The Wisconsin State Journal discusses the college prep program UW sponsors for middle (Madison students only) and high school minority students.
Glaringly absent from the reporting is what are the criteria for getting accepted into this program. It sounds like a program open only to minority students, or is it for low-income students of color?
While it has barely been in existence long enough to produce college graduates, I would hope someone is studying PEOPLE’s effectiveness. For instance, I’d like to see a control group who can’t attend these summer sessions but who are given the same break on admission, (2.75 GPA is all that’s required), and if accepted at UW, the students also get a full five-year tuition scholarship. Then I’d like to see the numbers on those who graduate and in what time period and at what cost.
Many years ago while I was a UW zoology grad student, I was a paid tutor through a university program aimed at assisting minority students. All my students were from Milwaukee. None was prepared, either for the intro zoo course or for college in general. Thus, I am sympathetic to the idea of helping these students before they enroll at the university. However, I have to question the lowered admission requirements. If you can’t cut a 2.75 in high school, you’re not likely to successfully complete a degree at UW-Madison.
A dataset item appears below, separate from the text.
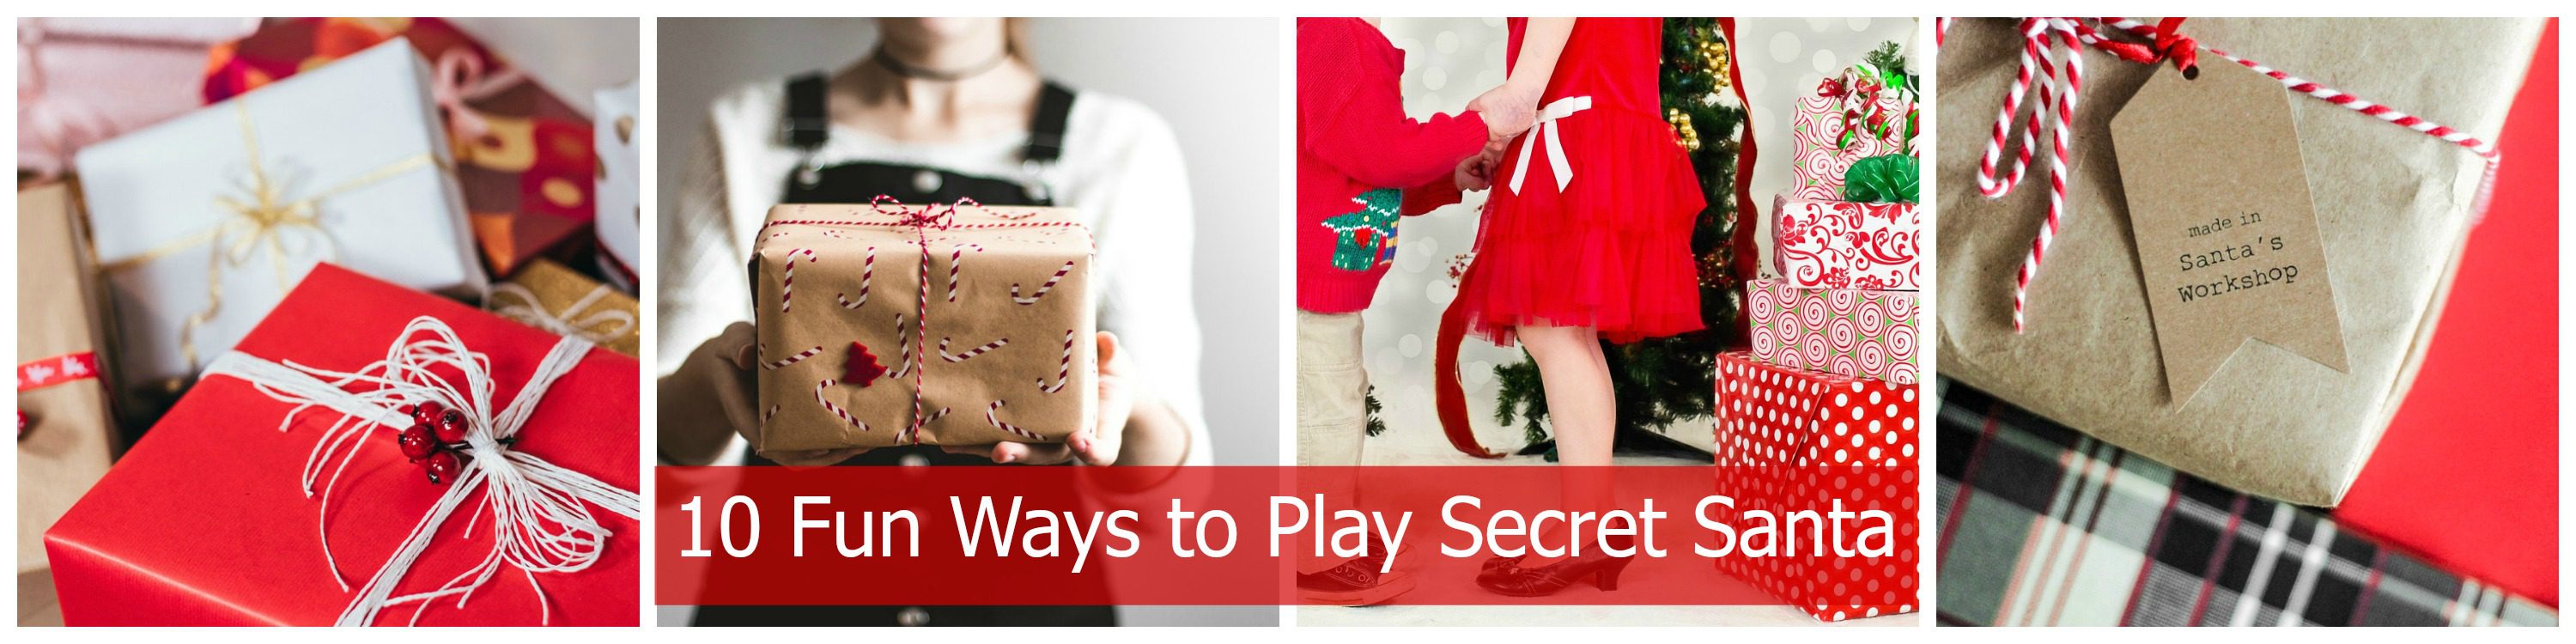 Top 20 Office Secret Santa Gift Ideas for a Memorable Holiday Exchange -  Personal House

In addition, I noticed that two of the students interviewed in the article were from Madison West. Is MMSD so deficient in preparing its (low income) minority students that they can only hope to succeed with this special program? I can understand how students coming from poorly funded and troubled disticts like Milwaukee might need extra attention, but Madison West?
Moreover, I know students at West who did not get in to UW despite GPAs of 3.6 and higher. This is the best education many can afford for their children. To learn that their students cannot get admitted while some are allowed in with significantly lower requirments and paid summer college prep courses might be a bitter pill to swallow. (For the record, both our children were accepted at UW.)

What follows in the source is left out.